PYTHON
Implementing Stacks and Queues with collections.deque
Learn to efficiently implement both LIFO (stack) and FIFO (queue) data structures in Python using the high-performance `collections.deque`.
from collections import deque
# --- Implementing a Stack (LIFO: Last In, First Out) ---
# deque supports efficient append and pop from the right end, perfect for a stack
stack = deque()
# Push elements onto the stack
stack.append('Task 1')
stack.append('Task 2')
stack.append('Task 3')
print(f"Stack after pushes: {stack}") # deque(['Task 1', 'Task 2', 'Task 3'])

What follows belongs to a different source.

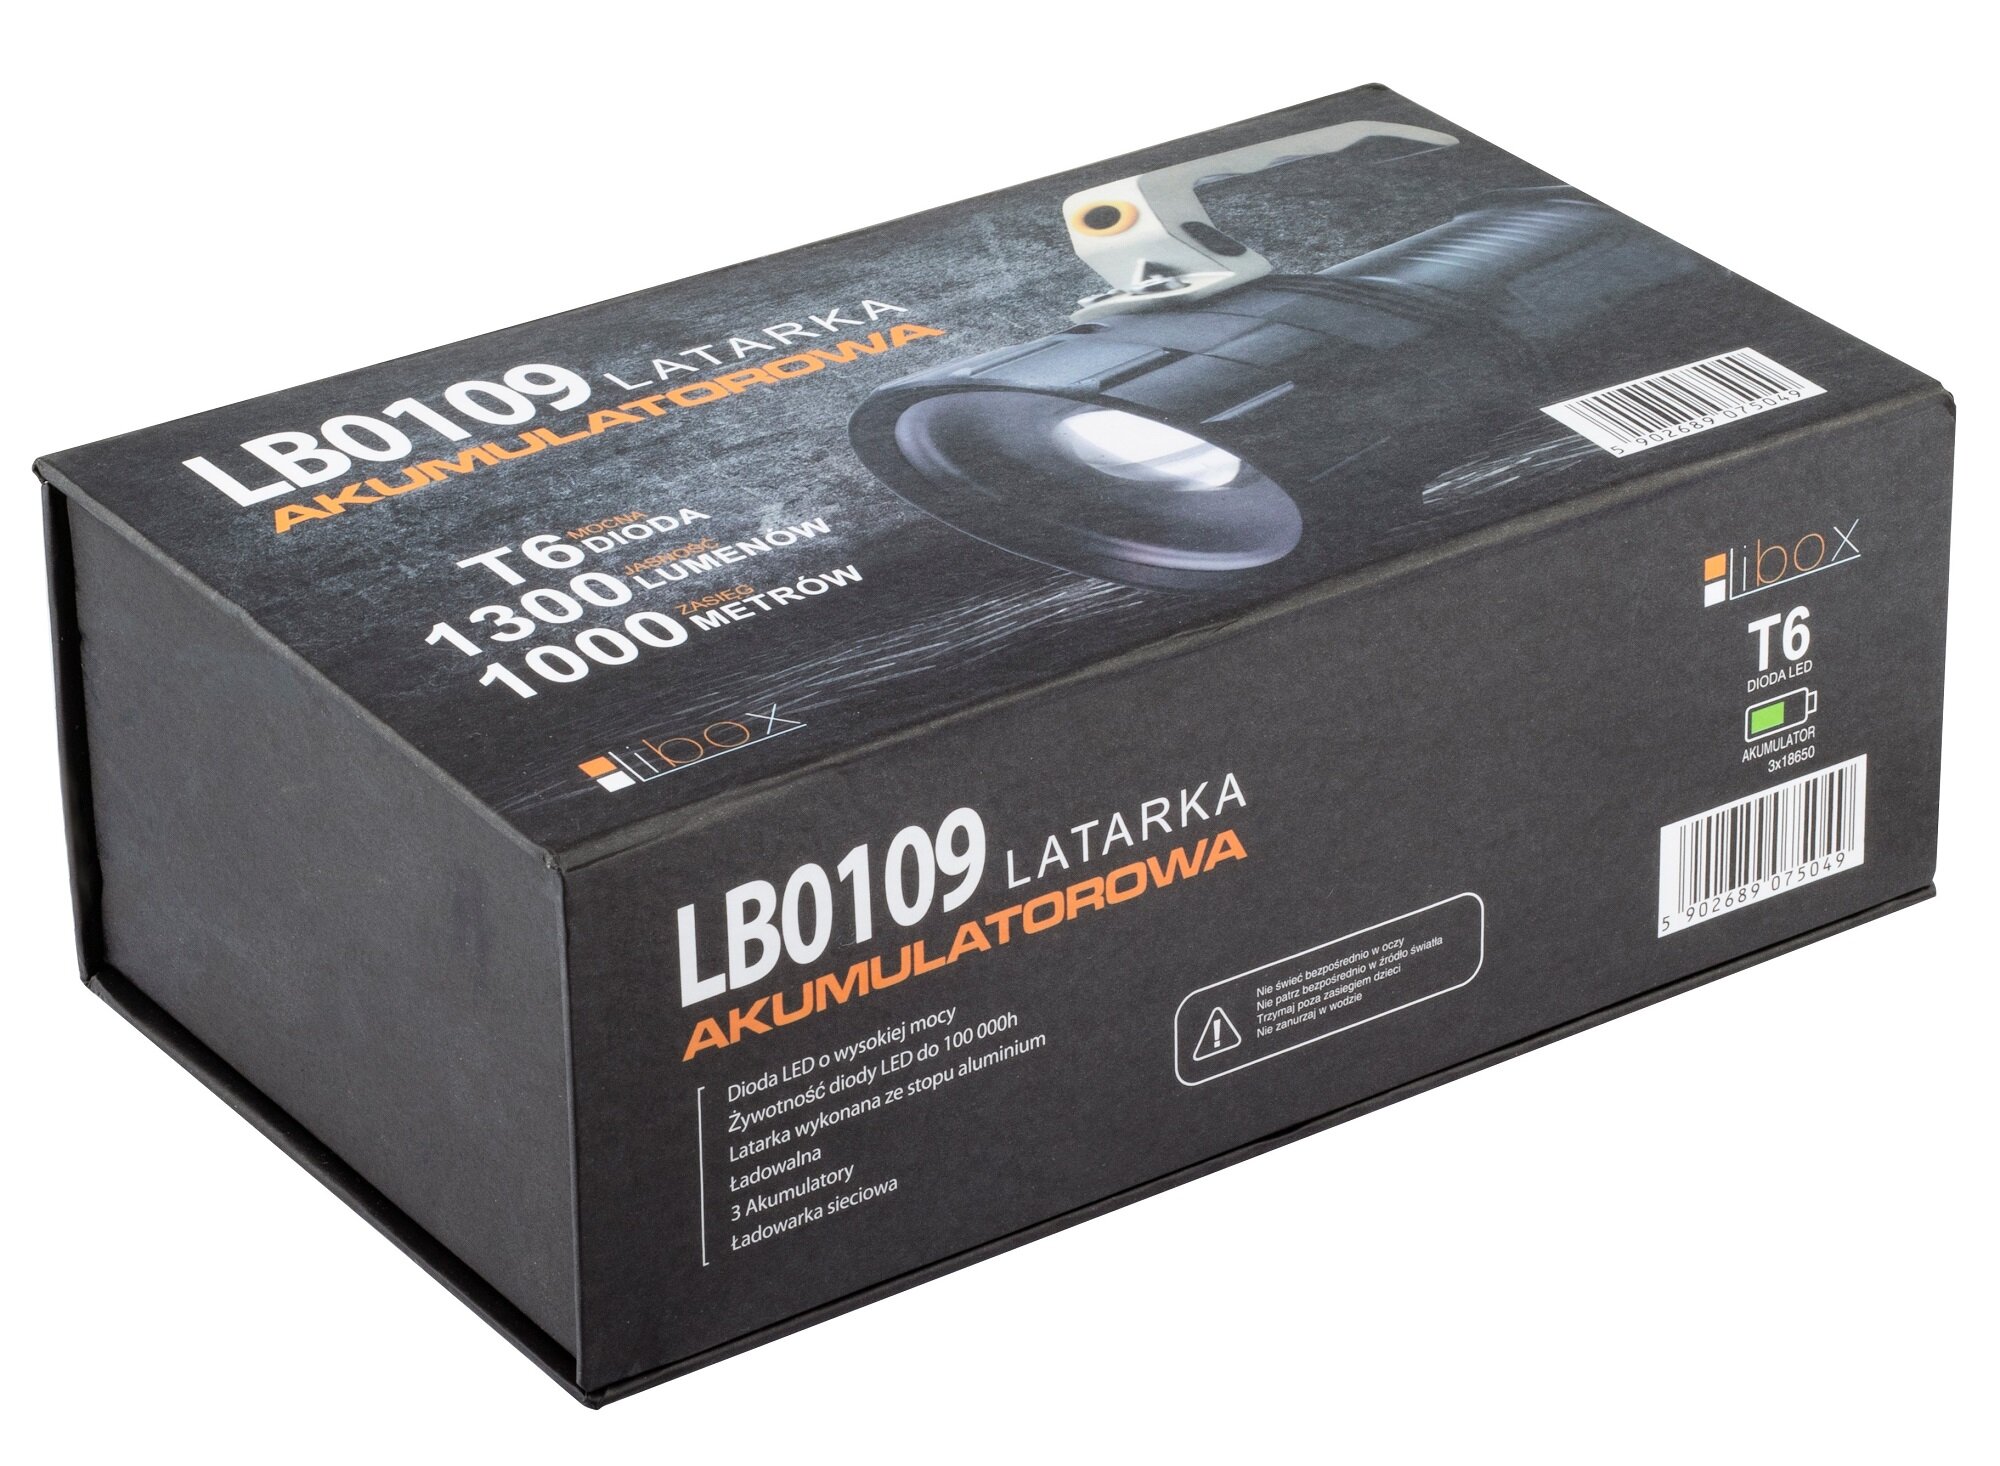 LIBOX T6 LB0109 Latarka - niskie ceny i opinie w Media Expert

# Pop elements from the stack
popped_item = stack.pop()
print(f"Popped from stack: {popped_item}") # Task 3
print(f"Stack after pop: {stack}") # deque(['Task 1', 'Task 2'])
popped_item = stack.pop()
print(f"Popped from stack: {popped_item}") # Task 2
# --- Implementing a Queue (FIFO: First In, First Out) ---
# deque supports efficient append from the right and pop from the left
queue = deque()
# Enqueue elements into the queue
queue.append('User A')
queue.append('User B')
queue.append('User C')
print(f"Queue after enqueues: {queue}") # deque(['User A', 'User B', 'User C'])
# Dequeue elements from the queue
dequeued_item = queue.popleft()
print(f"Dequeued from queue: {dequeued_item}") # User A
print(f"Queue after dequeue: {queue}") # deque(['User B', 'User C'])
dequeued_item = queue.popleft()
print(f"Dequeued from queue: {dequeued_item}") # User B
How it works: The `collections.deque` (double-ended queue) is a highly efficient data structure in Python, ideal for implementing both stacks and queues. For stacks (Last In, First Out), `deque.append()` adds elements to one end, and `deque.pop()` removes them from the same end. For queues (First In, First Out), `deque.append()` adds elements to the right, while `deque.popleft()` efficiently removes elements from the left. Its O(1) performance for adding and removing elements from either end makes it superior to standard Python lists for these use cases.